04:57 By transplanting younger donor tissues, the procedure reduces the probability of tissue
05:03 rejection and offers potential for aesthetic enhancement, particularly in cases where the
05:08 donor is significantly younger than the recipient.
05:11 It also restores functionality and structural integrity to the recipient's face and rejuvenates
05:17 its appearance.
05:17 BrainBridge then carefully sutures the skin to conceal the complex rewiring beneath the surface.
05:24 The skin is then treated with a special spray that contains growth factors,
05:29 antifibrotics, and antibiotics.
05:31 This spray promotes faster skin healing,
05:34 prevents infections, and reduces scarring in the sutured area.
05:39 Finally, immunosuppressive drugs are administered to prevent the recipient's immune system
05:44 from rejecting the donor body.
05:45 After the surgery, the recipient is carefully monitored in an intensive care unit and is
05:51 kept in a coma for up to four weeks to prevent movement or misalignment of the connected
05:56 body parts.
05:57 During this time, the head, neck, and spine are firmly stabilized to optimize the fusion
06:02 of the spinal cord.
06:03 Life support systems are utilized to regulate breathing and circulation.
06:08 While nutrition is delivered through a jejunostomy feeding tube.
06:11 Gradually, the recipient's brain should regain control over the new body.
06:16 As the recovery process advances and the patient regains mobility, there will be a need for
06:22 extensive rehabilitation, physical therapy, and psychological support to help the recipient
06:28 adapt to their new body and regain motor functions.
06:31 BrainBridge Headband, which is equipped with a brain-computer interface, will allow the
06:37 patient to communicate their needs during recovery.

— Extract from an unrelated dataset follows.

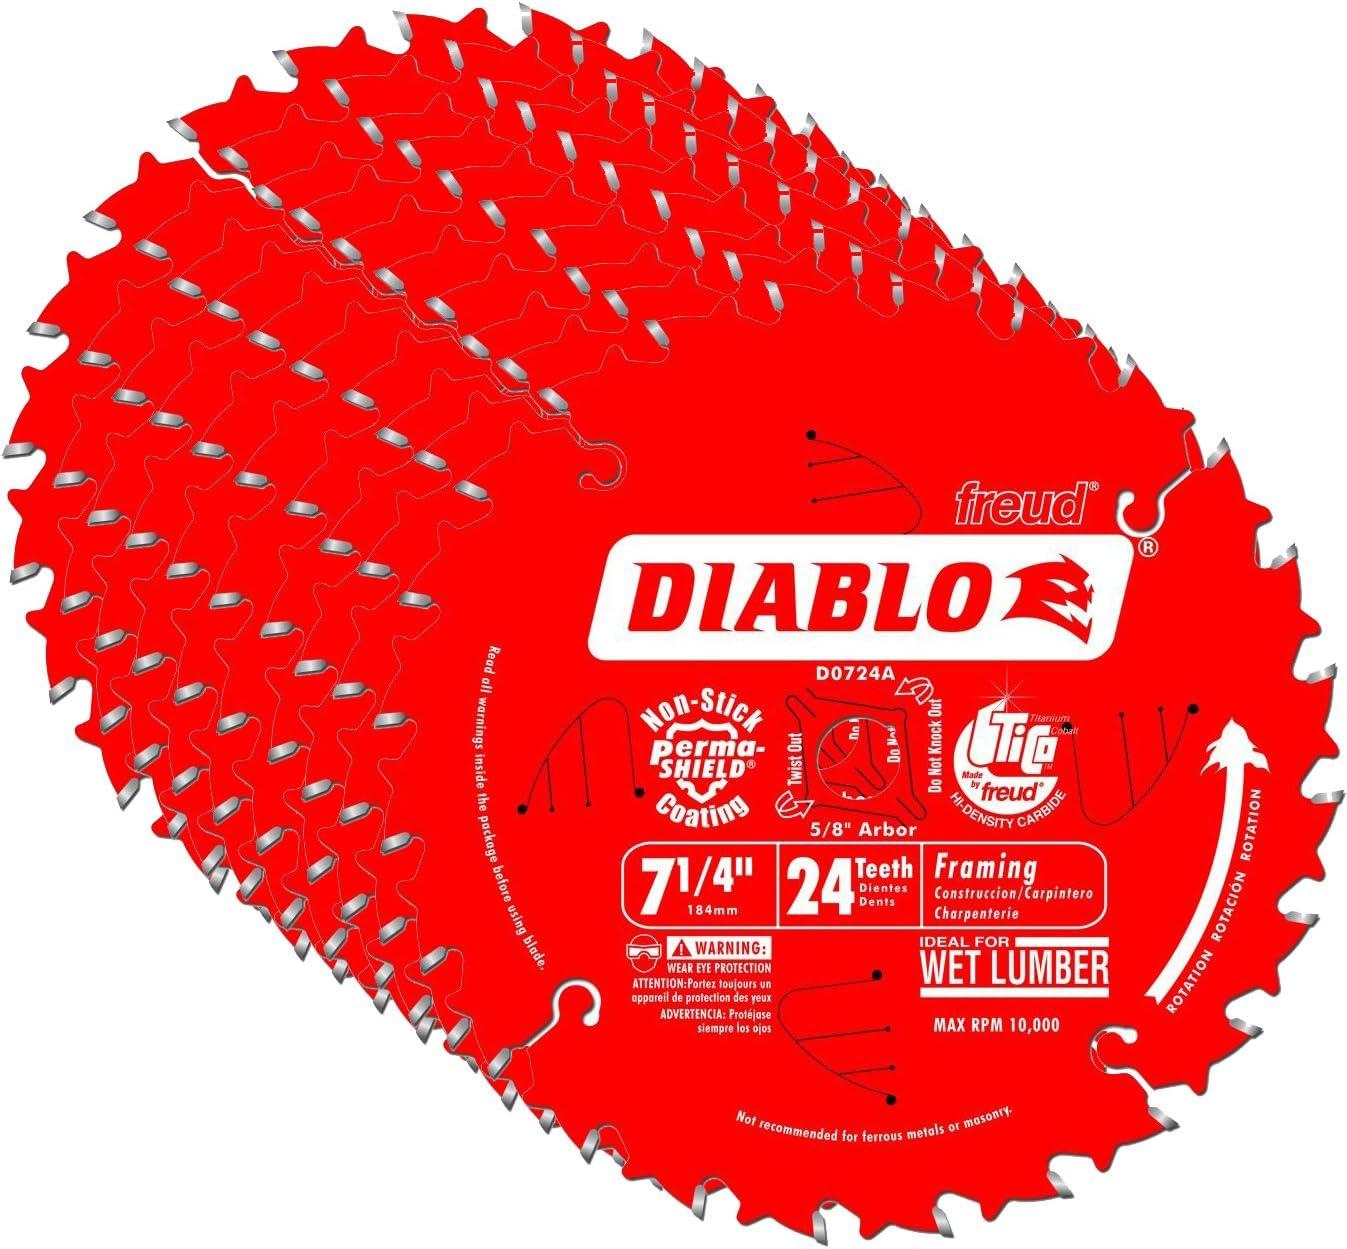 Diablo D0724A 7-1/4-Inch 24-Tooth Diablo Circular Saw Framing Blade
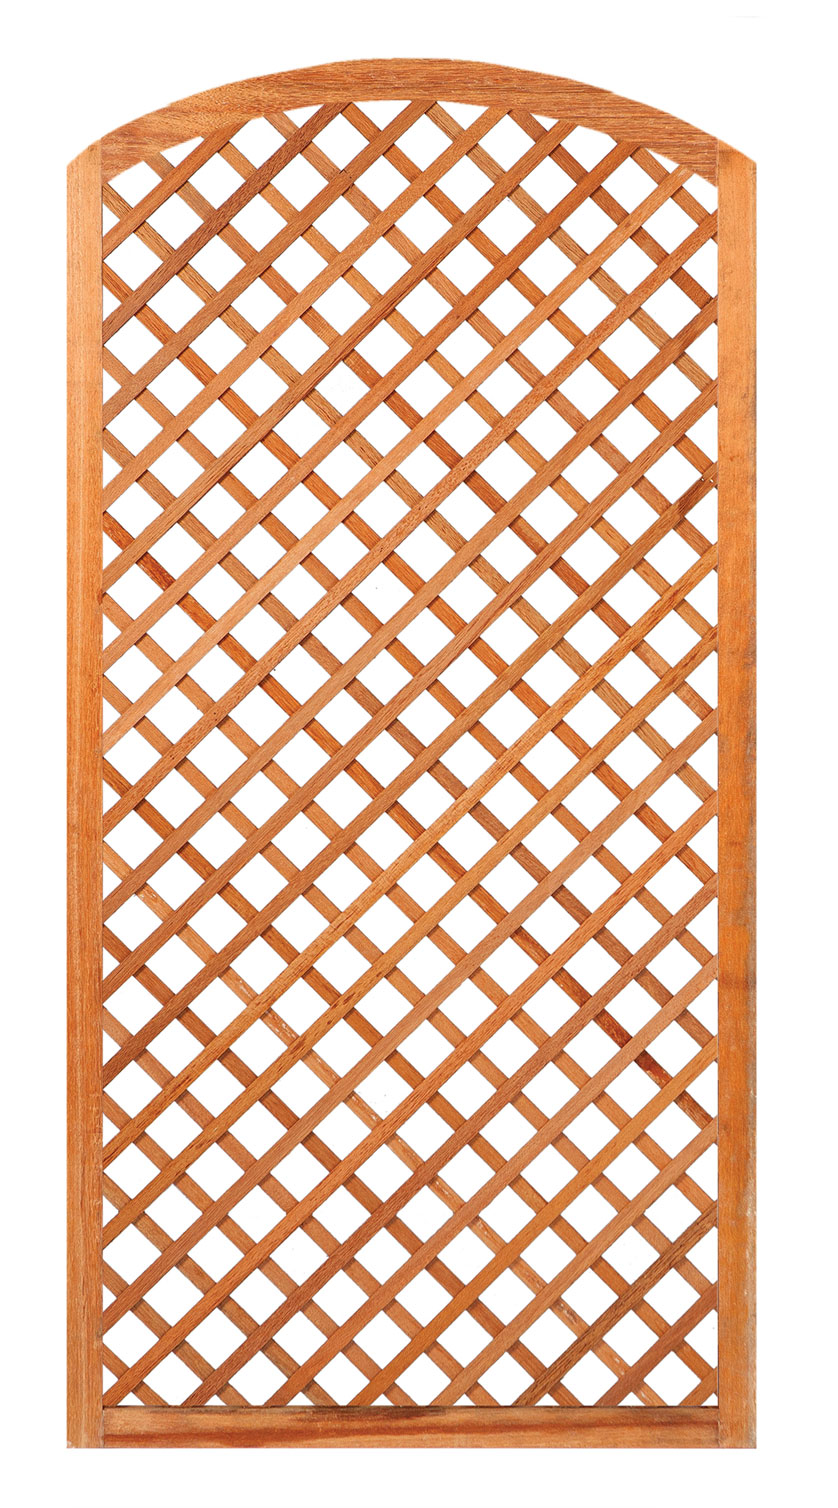 Hardhout lamel: 0.7x 2.0 cm lijstdikte: 3.0 x 5.0 cm 190(h) x 90(b) cm indonesian legal wood

06:40 Thanks to the power of thought, the headband decodes brainwaves and turns them into text
06:45 or speech.
06:46 It could allow the patient to control other devices directly from their brain, granting
06:52 them the autonomy to execute specific tasks independently throughout their recovery journey.
06:57 Because of the complexity and unexpected challenges of the head transplant procedure,
07:03 self-learning algorithms allow BrainBridge to avoid errors and adapt surgical plans in
07:08 real-time depending on the surgery's needs.
07:12 It can also improve its capabilities over time by learning from previous surgeries.
07:16 Learning algorithms can recall past procedures and outcomes to continually refine and enhance
07:22 surgical techniques and post-operative care.
07:25 While the surgery is being conducted, the BrainBridge algorithm creates a personalized
07:30 recovery plan depending on the progress of the procedure and the needs of the patient.
07:35 To maximize compatibility and ensure seamless integration, we collaborate with the top experts
07:42 in generative artificial intelligence, brain-to-computer interfaces, and robotics with multiple
07:48 successful projects and hundreds of high-profile, peer-reviewed research papers.
07:53 Over the past few years, we developed the end-to-end approach which accounts for every
07:58 single detail including immune compatibility, brain-body connectivity, replacement of the
08:03 visual and olfactory systems, and post-operative rehabilitation.
08:08 BrainBridge.
08:14 Breathing life into new bodies, one head at a time.